I’m wondering if other BenefitsLink readers have found a “product” solution to a spouse’s-rights situation that I guess happens often enough that someone might want to get a fee out of it.

A small-business owner is the only remaining participant in a money-purchase retirement plan. Because she is retired from the business, her yearly income is less than $100,000. (Her spouse has no income.) She would like to terminate the money-purchase plan, take a single-sum distribution of her entire plan account, and direct a rollover into a Roth IRA.

Her spouse understands his survivor-annuity and spouse’s-consent rights. The participant said that she would name her spouse as the primary beneficiary of the IRA. But the spouse understands that mainstream IRA documents allow an IRA owner to change a beneficiary designation.
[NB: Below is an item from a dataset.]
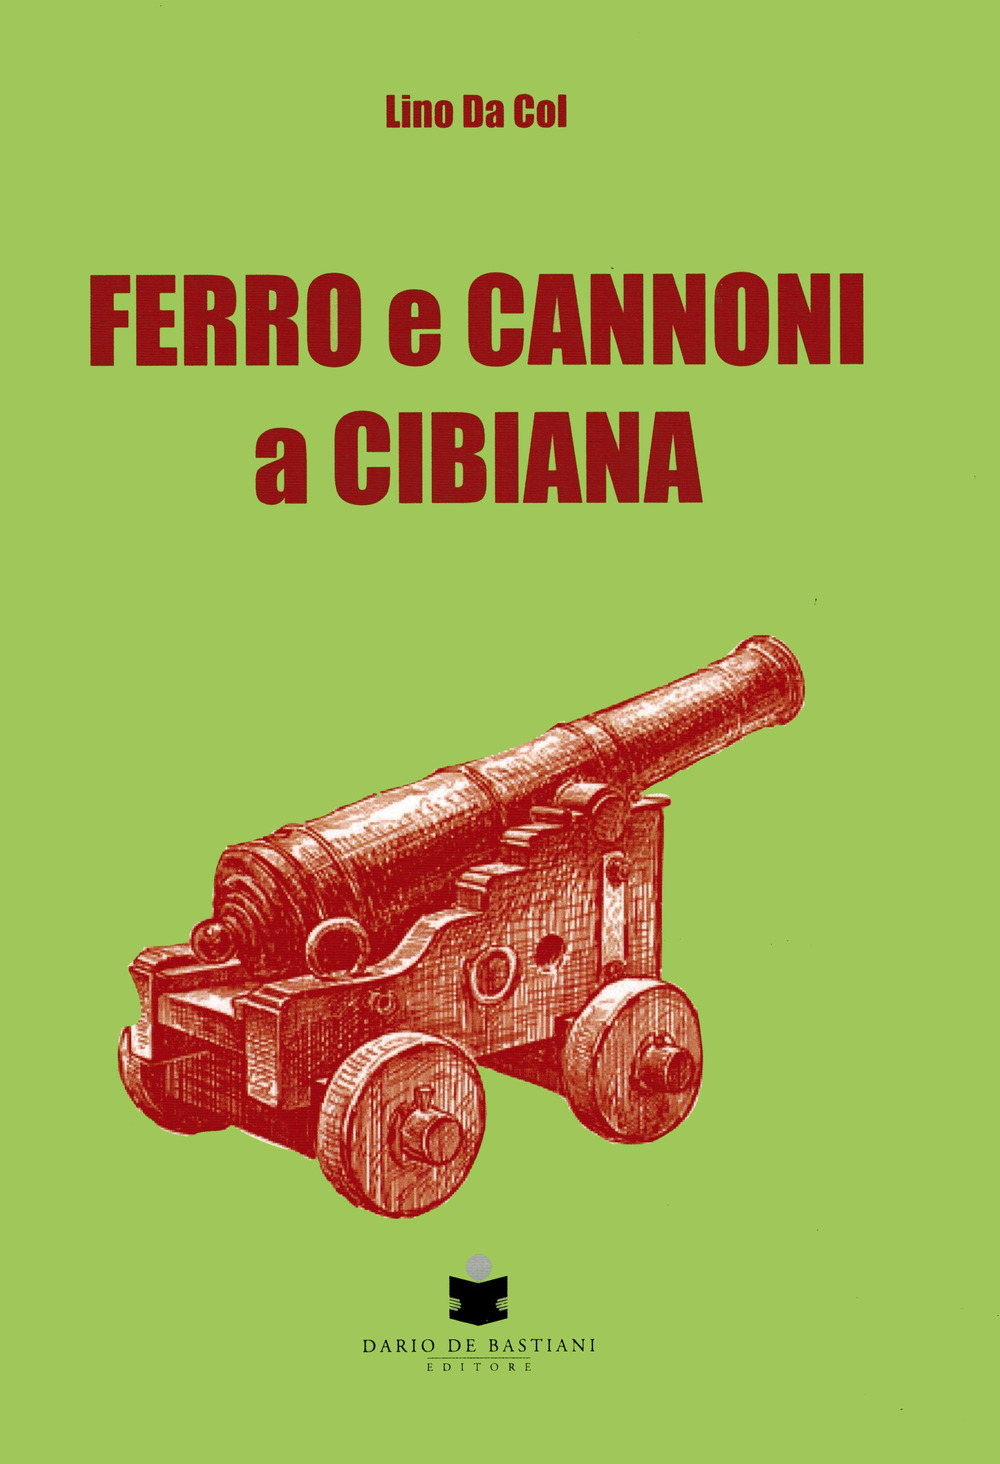 Libri Da Col Lino - Ferro E Cannoni A Cibiana NUOVO SIGILLATO, EDIZIONE DEL 22/06/2022 SUBITO DISPONIBILE

In his view, an IRA beneficiary designation (even 100%) that can be changed without his consent is not as much protection as a QPSA (even 50%) provision that remains in effect unless he consents. So far, the spouse is unwilling to sign a consent.

The participant would prefer to “Roth-ize” the retirement accumulation now because she believes that income tax rates after 2009 will be meaningfully higher than current rates, and she happens to have money to pay the “conversion” taxes now (without affecting her lifestyle spending). Maintaining the employment-based plan means losing the opportunity to “Roth-ize” the accumulation.

The participant believes that her spouse would sign the necessary consent if an IRA agreement has provisions legally enforceable by the non-owner spouse that make the IRA trustee responsible for not allowing any beneficiary change.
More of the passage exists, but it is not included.